The shape of this book
This book takes two of the harness’s layers — the environment and the context — and develops them as one discipline. The chapters move from the substrate outward to the window, and inside the window from the problem to the response:
Environment — the substrate the agent acts in.
- Repo & doc design — making the repository high-signal to read and self-correcting to act in.
- The instruction layer — the always-loaded config file as a context budget, not documentation.
- Skills & progressive disclosure — procedural knowledge that loads only when relevant.
- Guardrails, permissions & reversibility — expressing intent in policy and containing failure in mechanism.
- Environments at scale — bounding what the agent must load when the repo is too big to hold.
Context — the window the model reasons over.
- Context rot — the evidence that long windows degrade, and why that is the problem the rest answers.
- Context assembly — the engineering response: caching, compaction, just-in-time loading, budgeting the window.
- Memory — persisting context across sessions, and the anti-patterns that reintroduce the rot.
A closing chapter composes all of it into one design workflow.
What this book leaves to companion volumes
The frame names more of the harness than one book should carry. The rest is deliberately out of scope here — each is planned as a companion volume in the series, and this book points outward to it rather than pretending to deliver it:
- The inner loop’s internals — how a turn and its tool results are structured.
- The Agent SDK’s surface — the concrete harness instance whose API we cited above.
- Sub-agent orchestration — the isolation primitive, orchestrator–worker topologies, and when not to use them.
- Tools & MCP — designing the tool interface and the protocol that serves it.
- Build vs. buy — whether to configure an existing harness or build your own.
- Evaluation & operations — measuring and running agents in production.
These are companion concerns, not missing chapters: this book stands on its own for the environment and the context.
What is still settling
This chapter captures a frame mid-crystallization, so a few honest limits travel with it.
- The vocabulary is young. “Harness” entered Anthropic’s official vocabulary only in late 2025; “harness engineering” and “Agent = Model + Harness” are 2026 coinages. Expect the terms to keep shifting, and re-check the landscape rather than treating today’s words as settled.
- The definitional spine is single-vendor-dense. The definitions of “agent” and “harness” rest largely on Anthropic’s framing. The one independent corroboration here (LangGraph) agrees on the components list, not on the definitions — so do not over-claim convergence beyond the parts list.
- One provenance anchor is a transcript, not a primary.
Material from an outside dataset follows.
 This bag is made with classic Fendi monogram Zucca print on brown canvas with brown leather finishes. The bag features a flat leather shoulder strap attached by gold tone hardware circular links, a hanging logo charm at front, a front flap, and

Karpathy’s line is quoted from a published transcript of a spoken keynote, faithful to that mirror and the talk date, but it is “Karpathy said X in a talk,” not “Karpathy wrote X.”
Quick reference
- Agent = Model + Harness. The model supplies autonomy; the harness supplies everything around it.
- Agent vs. workflow: an agent’s control flow is model-driven; a workflow’s is fixed in code.
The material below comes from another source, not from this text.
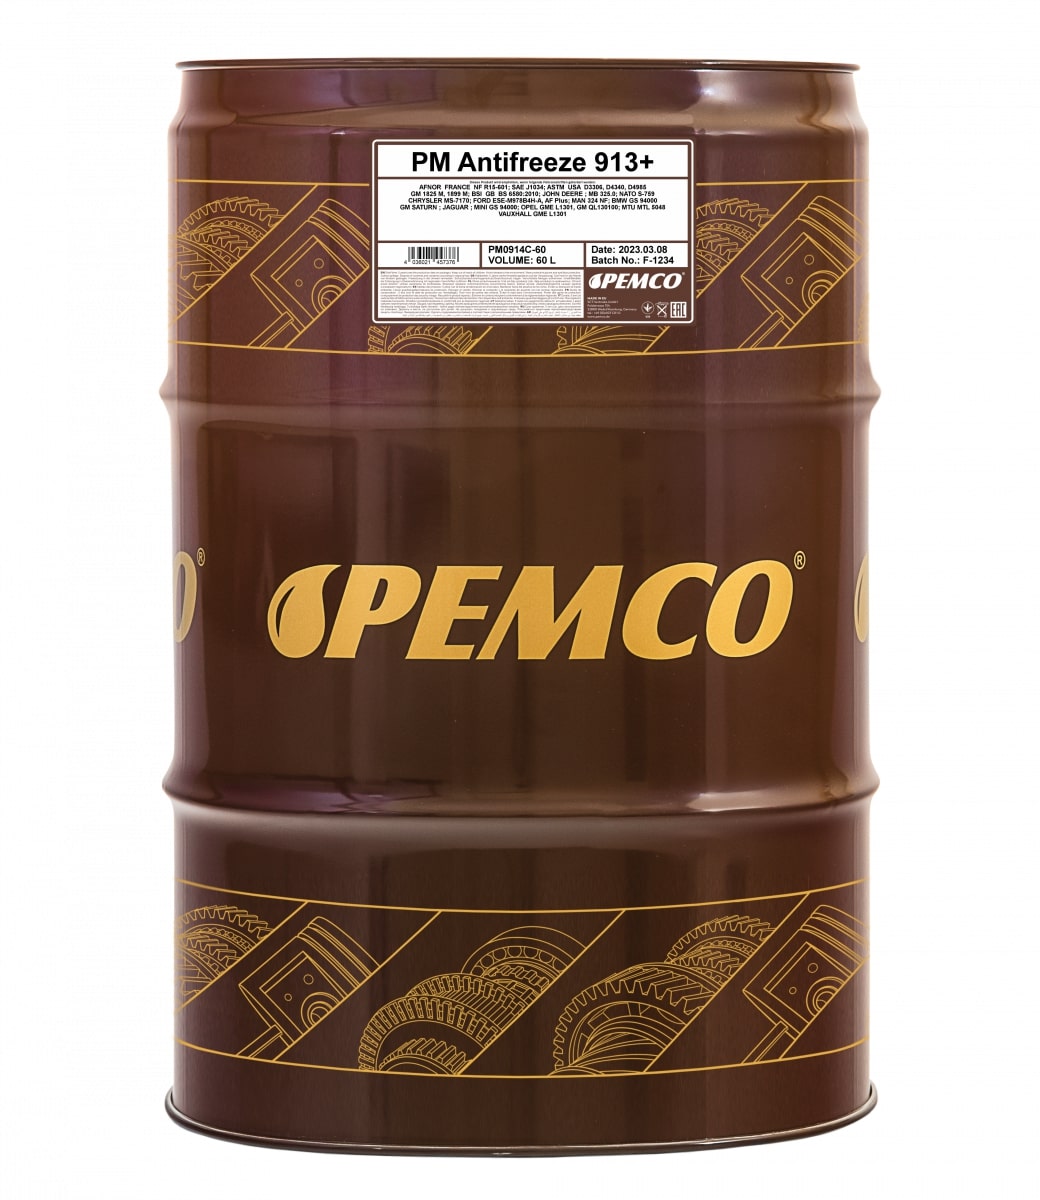 PEMCO Antifreeze 913+ (Concentrate)

- Three layers: environment (substrate) → context-assembly (the boundary) → context (the finite window). The harness owns the boundary.
- Components: tool interface, context/memory, control loop, sub-agent orchestration (+ guardrails, observability).
- Nested loop: the model’s inner reason→act→observe sits inside the harness’s outer cross-session orchestration, where control lives.
- This book’s scope: the environment and the context — the two highest-leverage layers; the rest is named here and left to companion volumes.
Practice
Exercise solutions
For most coding agents the control loop is the richest component (stop conditions, retries, compaction, dispatch) and the sub-agent orchestration is often the most primitive — frequently absent entirely (a single-threaded agent). An agent with no orchestration and a thin, fixed control loop is sliding toward the workflow end of the spectrum; the more the model (not predefined code) decides what happens next across a rich outer loop, the more it is an agent in the sense this chapter defines.